▸ **Exercise description**
Nothing but the lines below between the line holding "Пропеллеры 40mm 3-blade" and the line holding "I can't keep", inclusive, should appear in the answer, each set down exactly.

▸ **The data**
• • • • •
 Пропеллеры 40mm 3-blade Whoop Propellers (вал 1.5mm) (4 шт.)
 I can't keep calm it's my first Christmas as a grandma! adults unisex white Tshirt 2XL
• • • • •
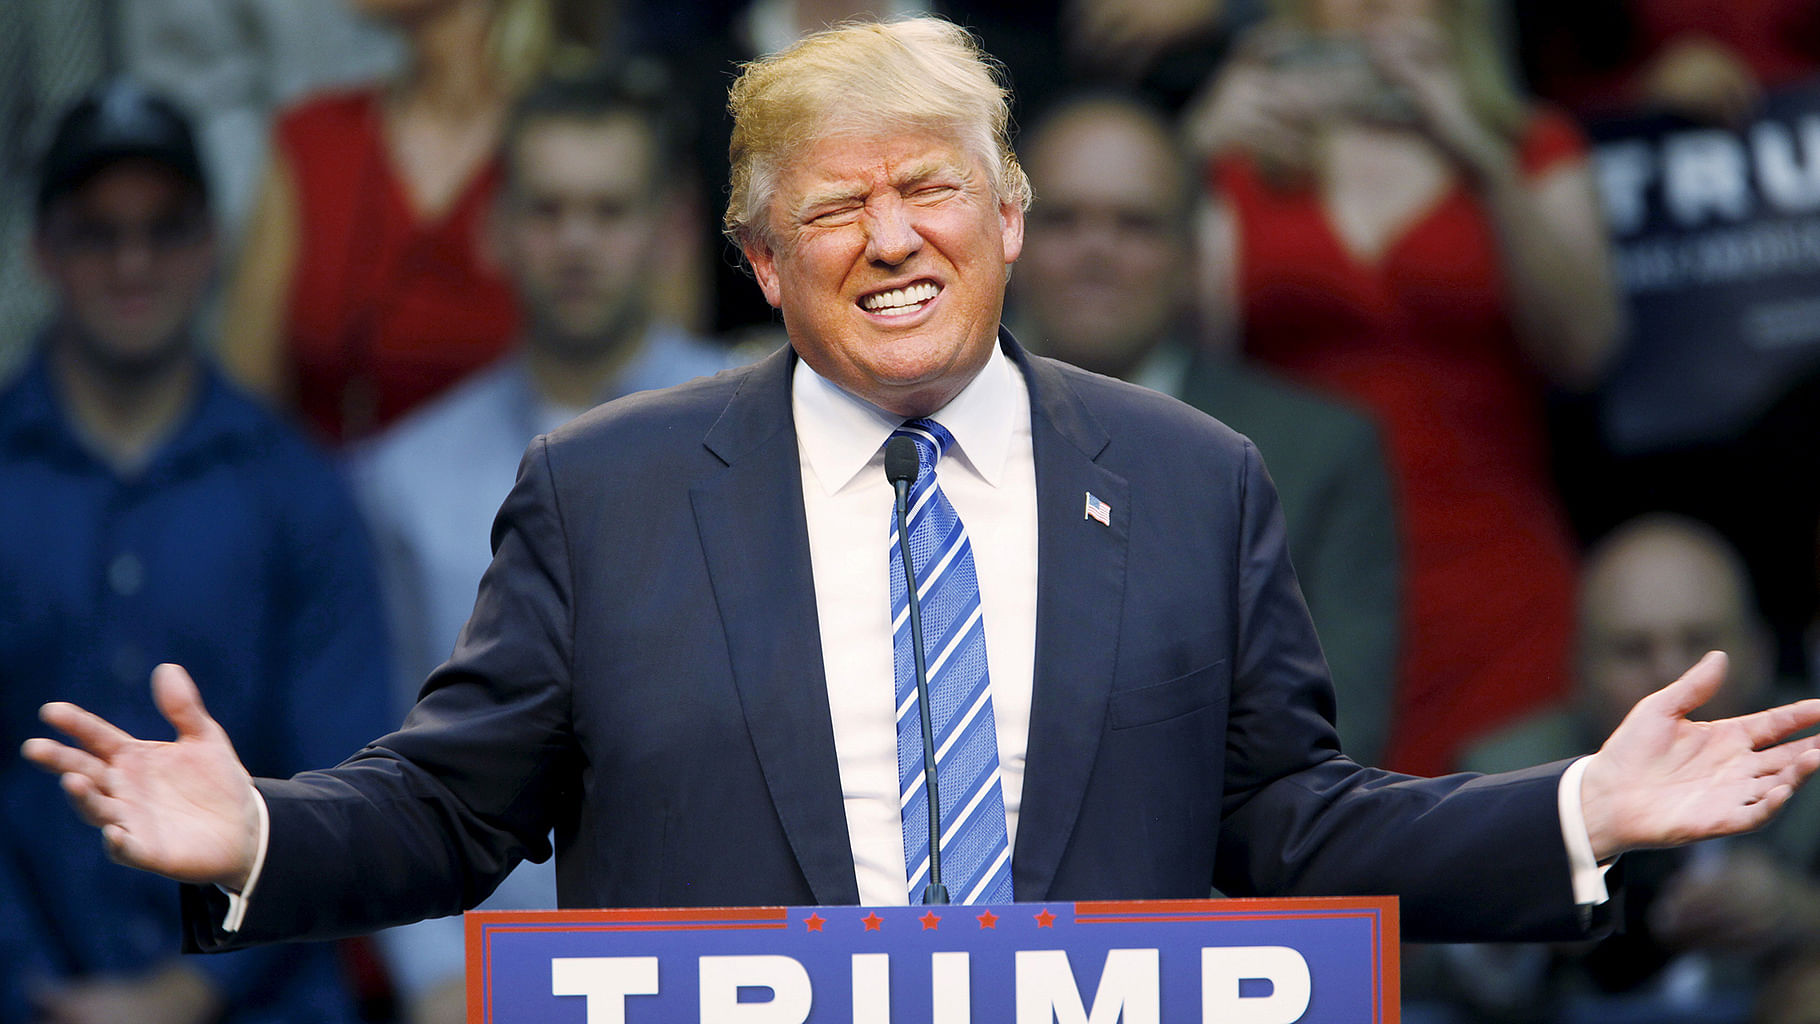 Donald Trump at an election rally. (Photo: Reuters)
• • • • •
▸ **Written solution**
 Пропеллеры 40mm 3-blade Whoop Propellers (вал 1.5mm) (4 шт.)
 I can't keep calm it's my first Christmas as a grandma! adults unisex white Tshirt 2XL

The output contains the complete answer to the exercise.